And like the disciples, amidst all this chaos and carnage and calamity, it’s easy for us to start feeling like maybe God has abandoned us.  It can be hard to perceive God’s presence in the midst of events like these – hard to see how God may be forging a path forward when it feels like we are just trapped in the same endless cycles of violence and division.

But Jesus knows the hearts of his anxious disciples.  He knows our hearts.  And he says to them, ‘Listen, remember that these are the words I spoke to you while I was still with you – that everything written about me in the law of Moses, the prophets, and the psalms must be fulfilled.’  And then he gently opens their minds to understand what has been written in the scriptures.  He reassures them as he did on the night when he was betrayed – when he told them he would not leave them orphaned.  He now tells them again; I am sending to you what my Father promised: the Holy Spirit – the Advocate – the transformative and holy power that will give you the strength and hope you need to be my witnesses in Jerusalem, in all Judea and Samaria, and to the ends of the earth.

And God keeps God’s promise.  Ten days later the disciples will be gathered together to observe the Jewish Feast of Weeks when the Holy Spirit blows in like a hurricane.  Through the sound of rushing wind and flame, the Spirit will give them this glorious revelation of God’s mission – and of their part in it – a vision of salvation and mercy that is more expansive and amazing than they had ever imagined.  And the Spirit will gift them with different languages, equipping them for the work they are now being called and sent out to do.  From an uncertainly happy ending to an anxious and ambiguous time of waiting, the disciples will joyfully set forth on the new path laid before them, eager to participate in God’s redemptive work for the whole world.  

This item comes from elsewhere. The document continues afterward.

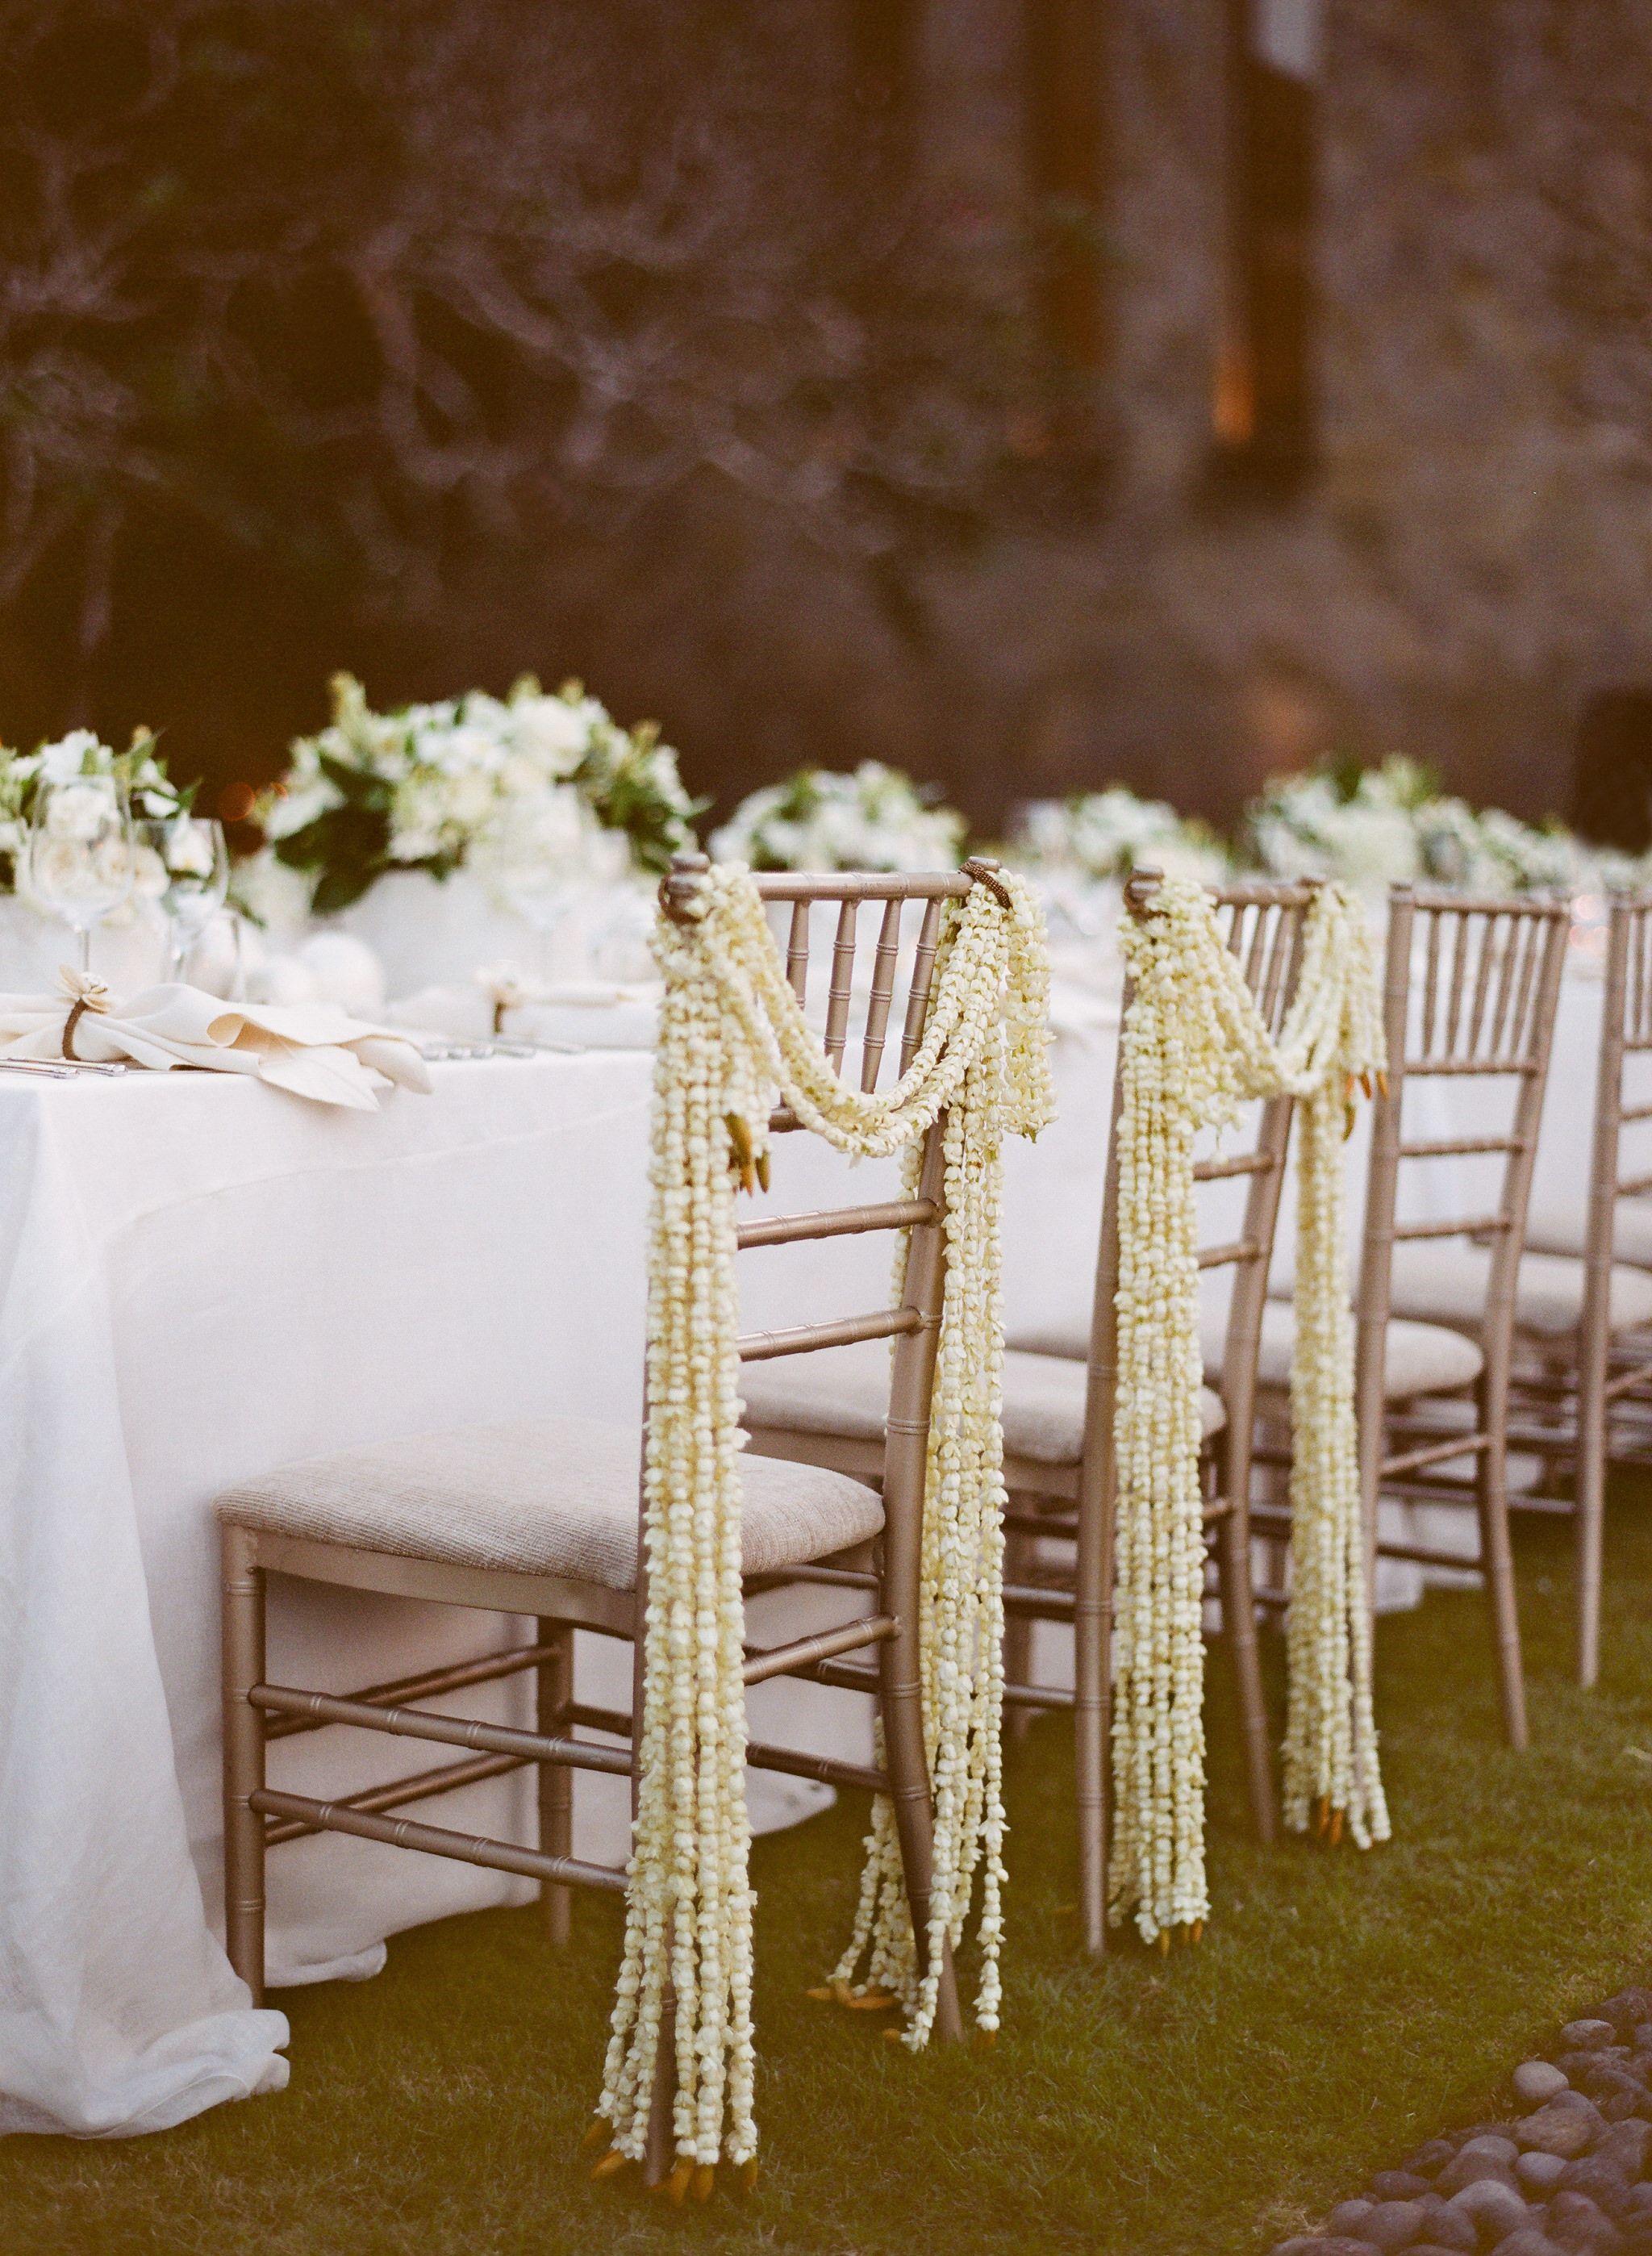 Wedding Chair Covers Hawaii Sale Style Garlands Pinterest Lisa Rice

But for today, these disciples still stand just outside Bethany – confused and a little crestfallen – still staring at the sky and trying not to feel like they’ve just been abandoned by the one in whom they placed all their hope.  

And today we acknowledge the truth that God is sometimes frustratingly beyond us – that God sometimes seems most absent in the moments when we need to feel God’s presence the most; that all too often God is ambiguous and mysterious when we just want answers we can wrap our brains around.  

Yet today we also remember that God is faithful, even in those moments; and that God never leaves us abandoned.  When God’s time table is not our time table – as is usually the case – God asks us to trust, remembering how God has been faithful to us in the past; God asks us to wait and watch expectantly, and to pray.  And through faith we find that, little by little, God opens our minds and our hearts to understand – as Jesus did with his disciples – leading us not only into understanding, but into our calling as partners in God’s saving mission for the world.

Today I feel in my heart this prayer that the author of our second reading writes to the members of the church at Ephesus:  I pray that the God of our Lord Jesus Christ, the Father of glory, may give us all a spirit of wisdom and of revelation as we continue to grow deeper in our knowledge of God – so that, with the eyes of our hearts enlightened, we may know what is the hope to which we have been called… and what is the immeasurable greatness of God’s power for us who believe.

Today may not be the day that God’s kingdom comes; it may not be the happy ending that we long for.  But we can trust that the whole story is in God’s hands, from beginning to end. We can remember that God is faithful and keeps God’s promises.  And we can have faith that, with God, there will always be more to the story – no matter how the story is told.